Wherever the listing holds a picture, leave it out, and copy the remainder exactly.

### Recorded data

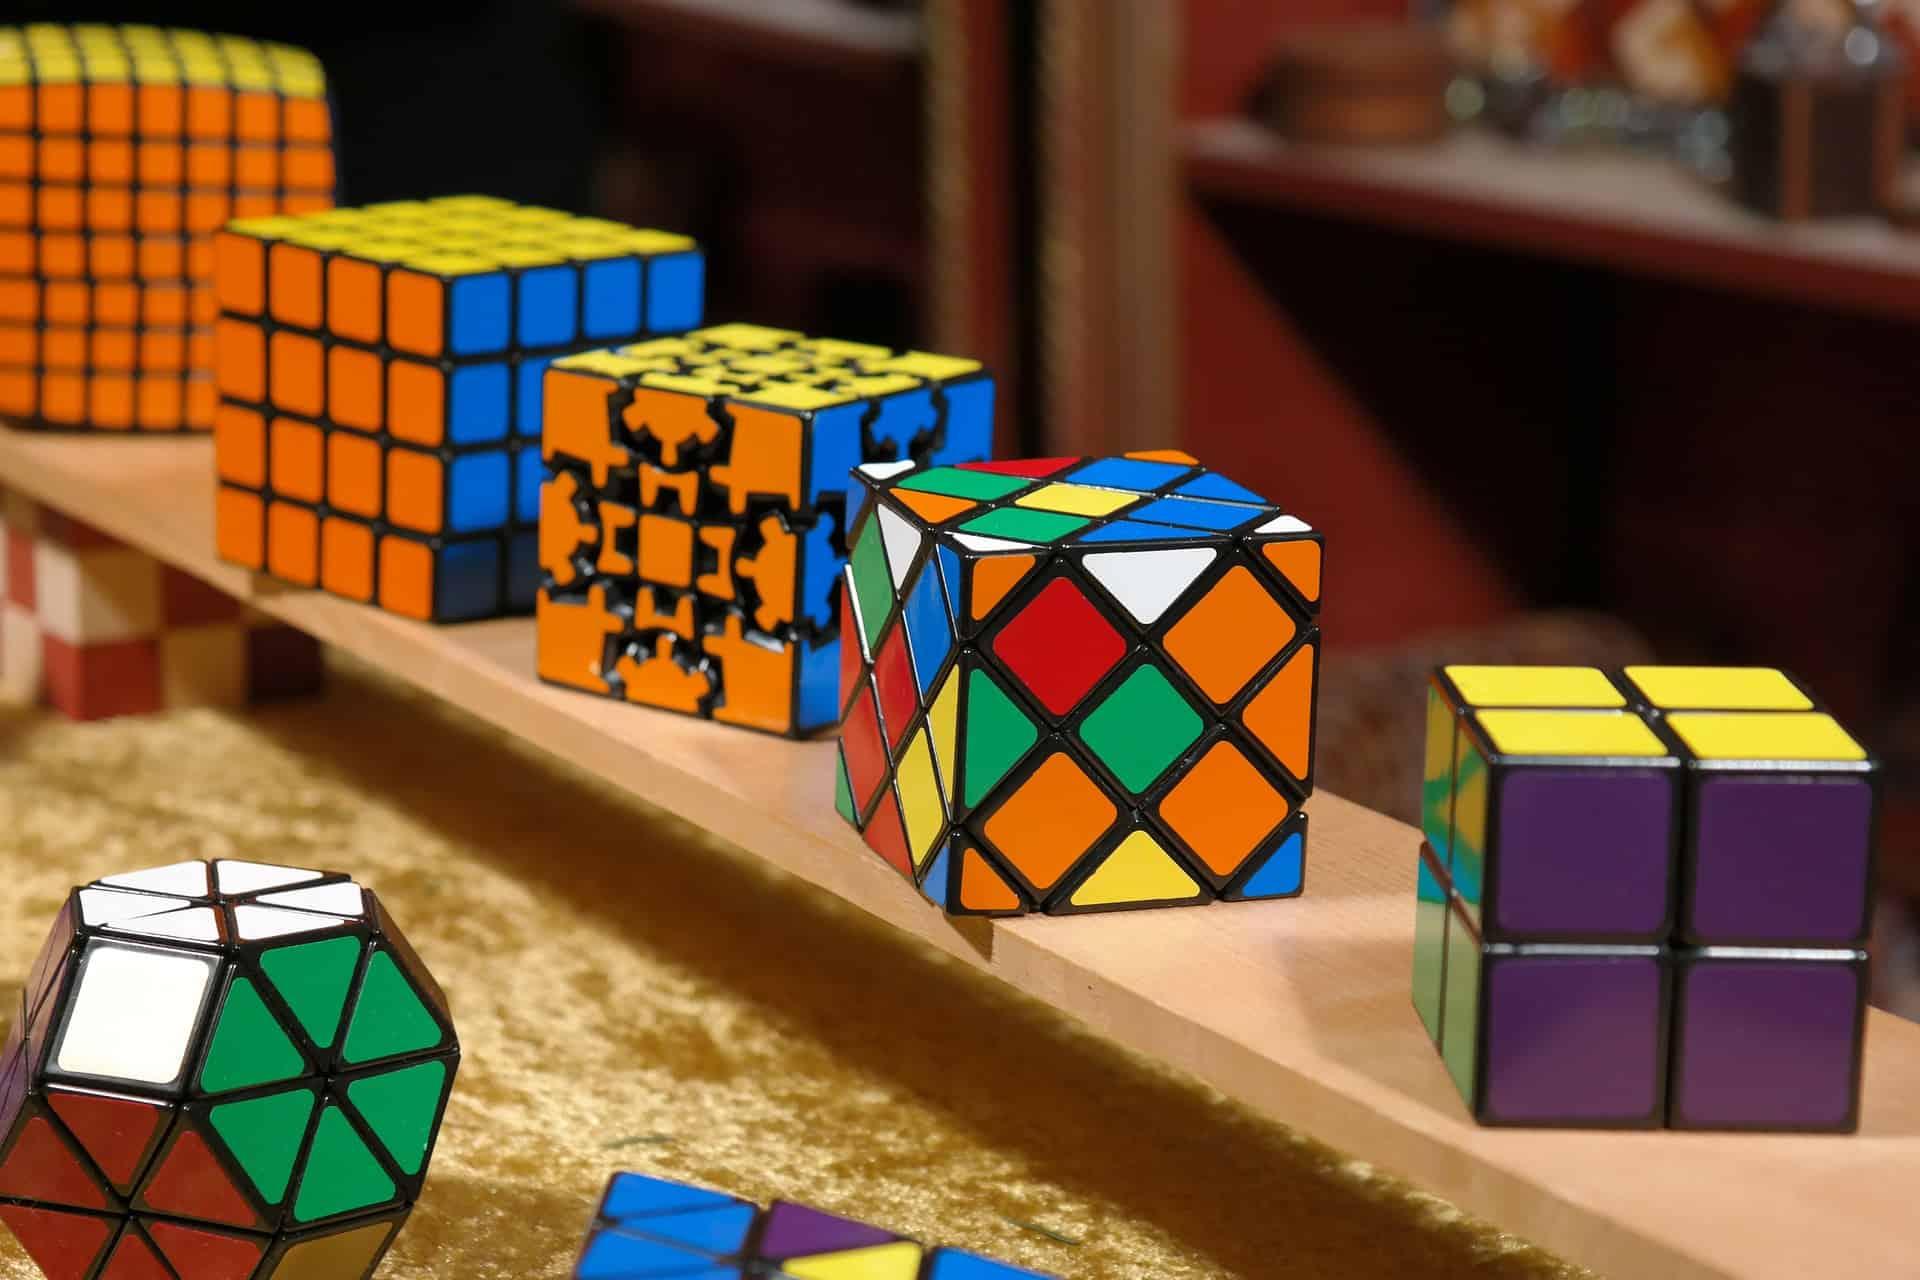 Imagem mostra cubos mágicos em diversos modelos e cores.
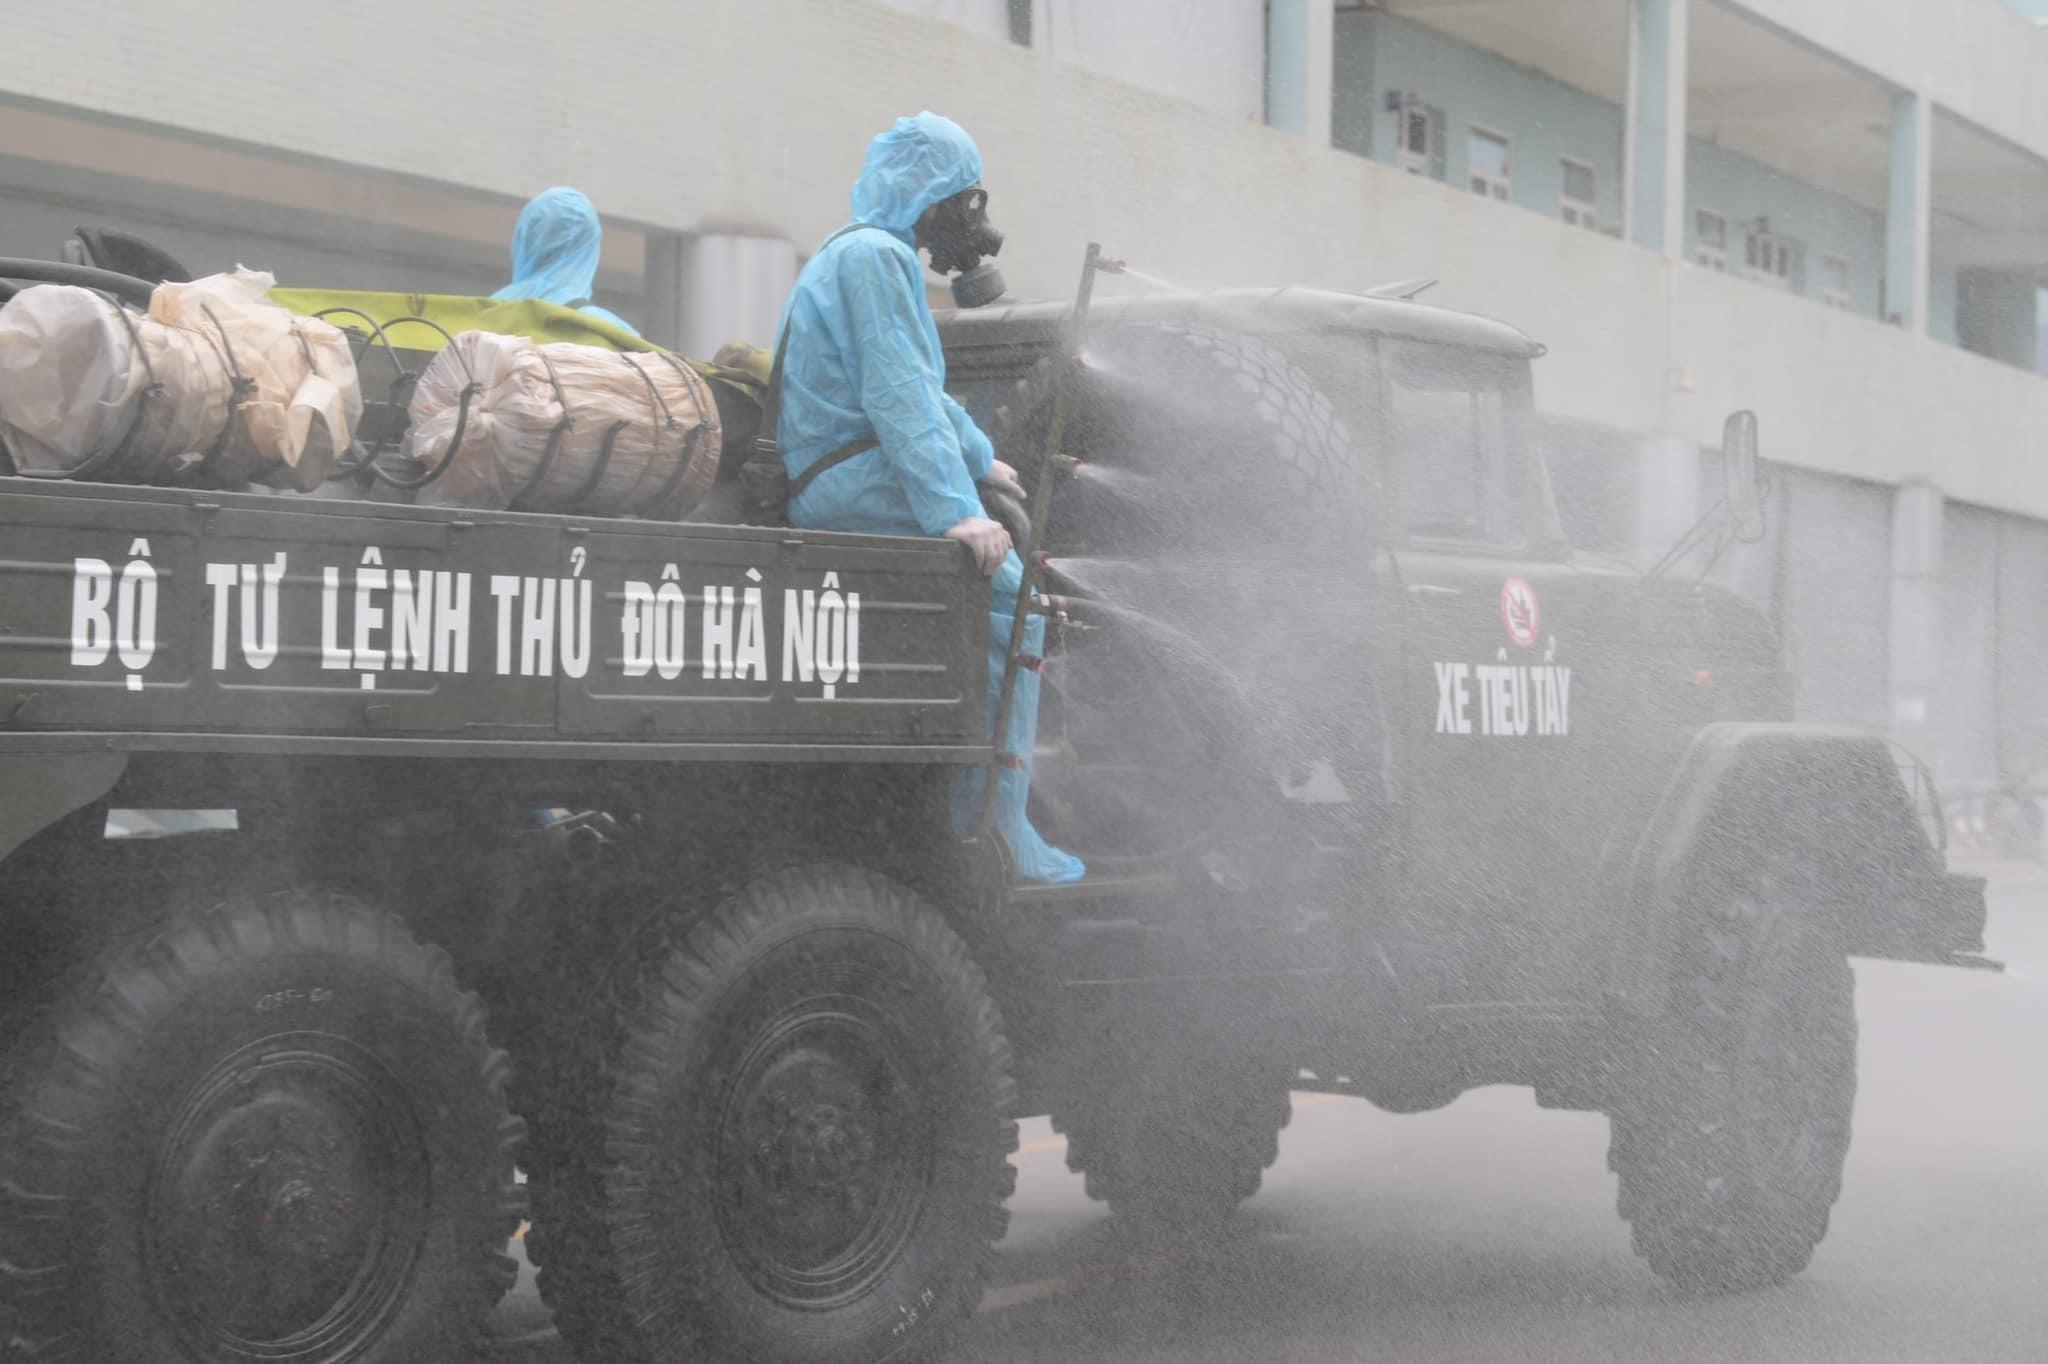 Quân đội 'khẩn cấp' khử khuẩn Bệnh viện K
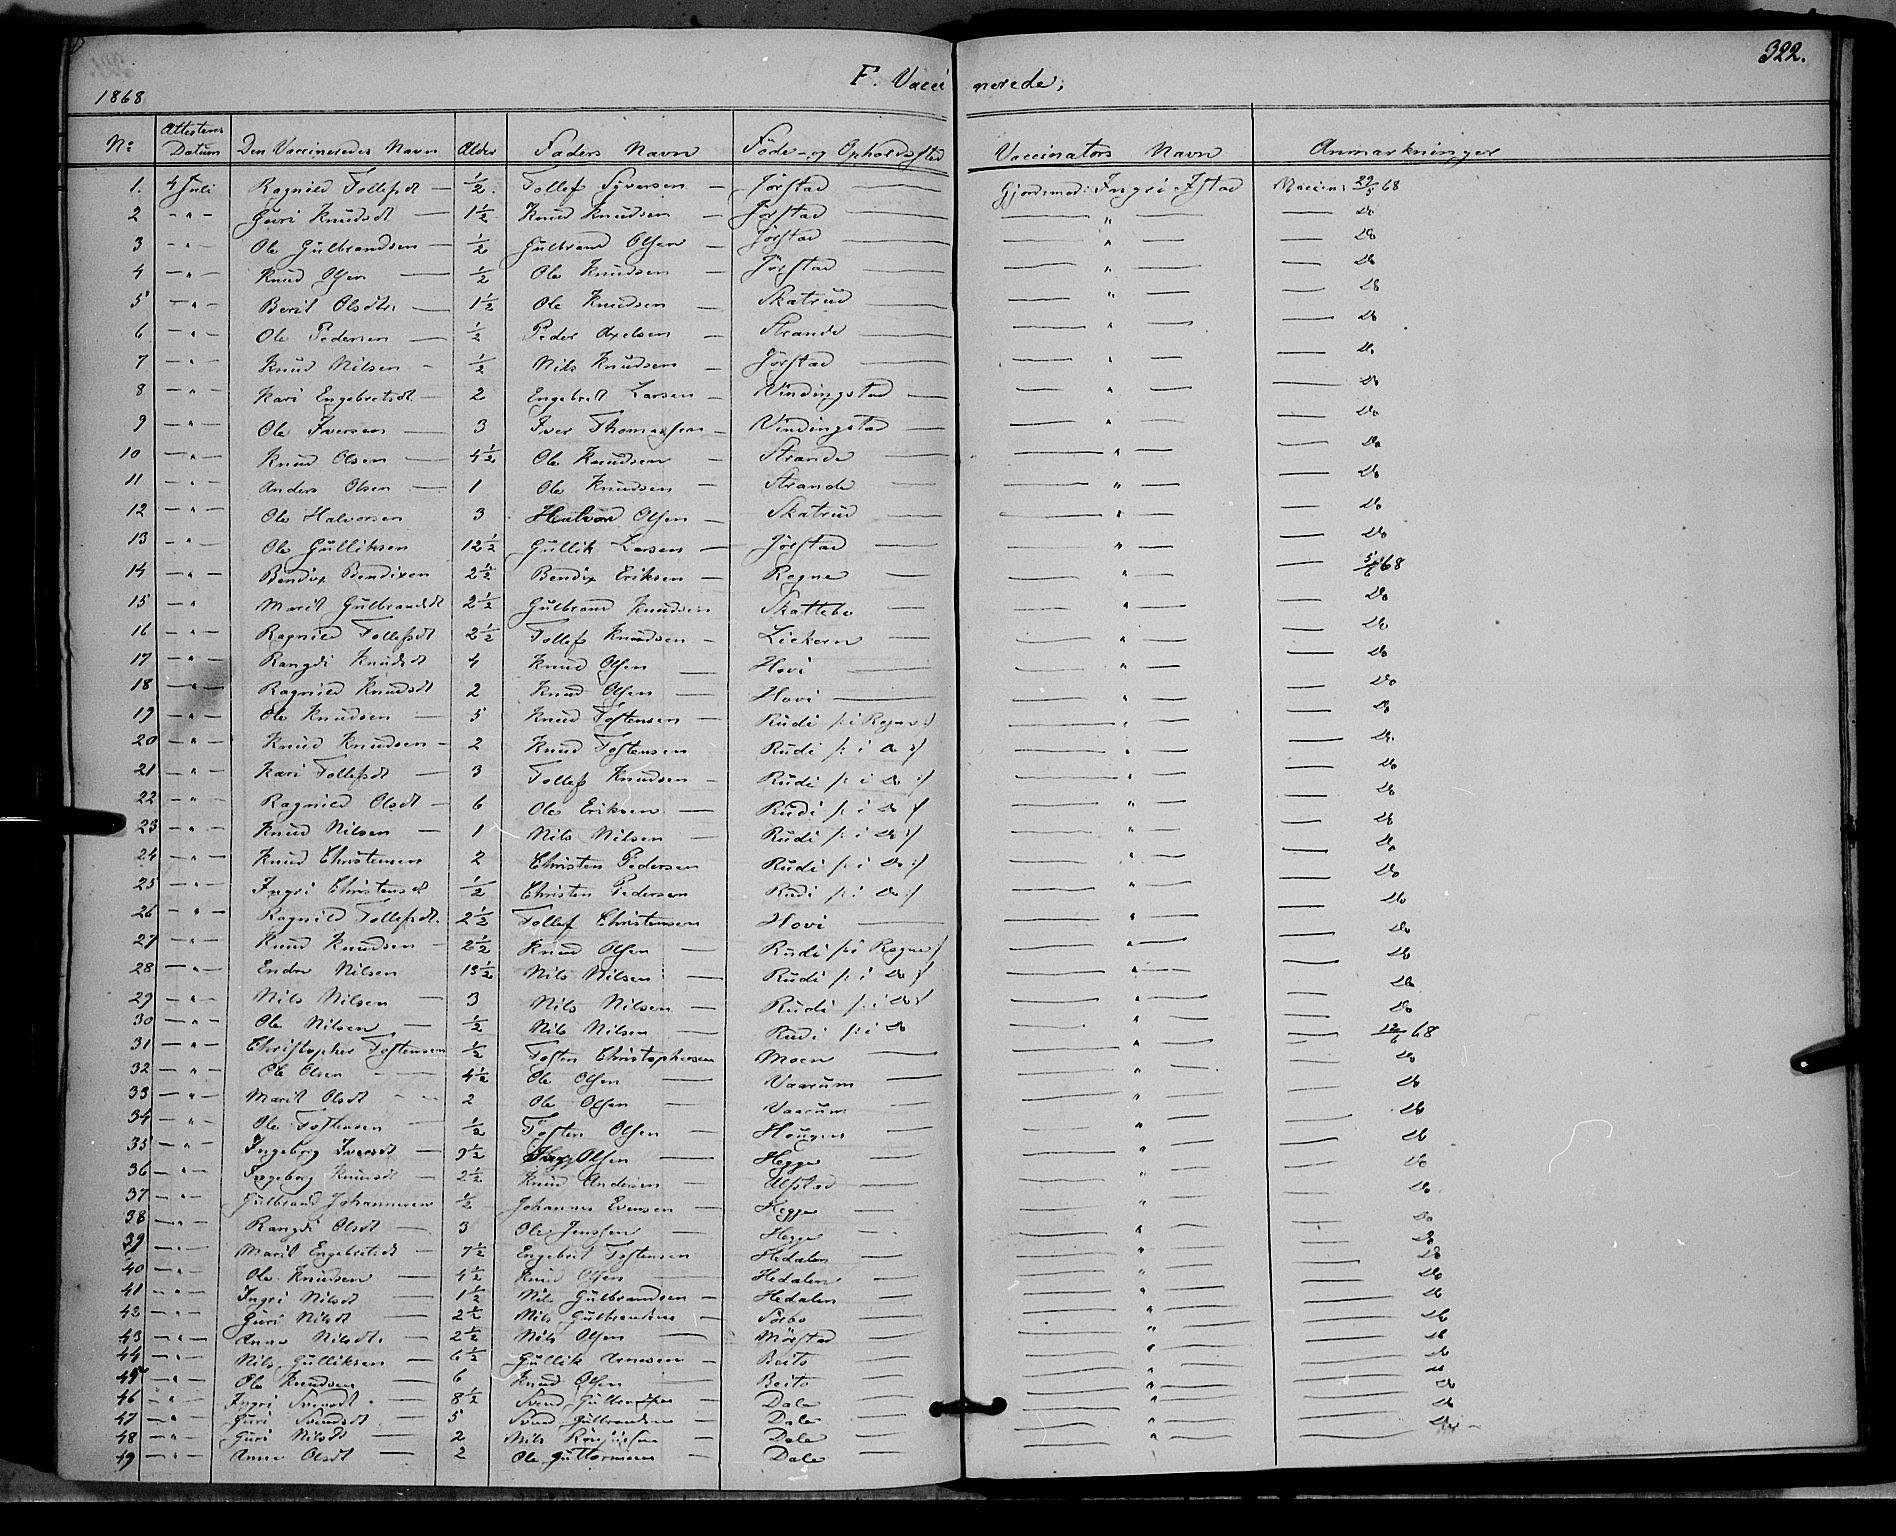 SAH, Øystre Slidre prestekontor, Ministerialbok nr. 1, 1849-1874, s. 322

######

• Task answer:
 Imagem mostra cubos mágicos em diversos modelos e cores.
 Quân đội 'khẩn cấp' khử khuẩn Bệnh viện K
 SAH, Øystre Slidre prestekontor, Ministerialbok nr. 1, 1849-1874, s. 322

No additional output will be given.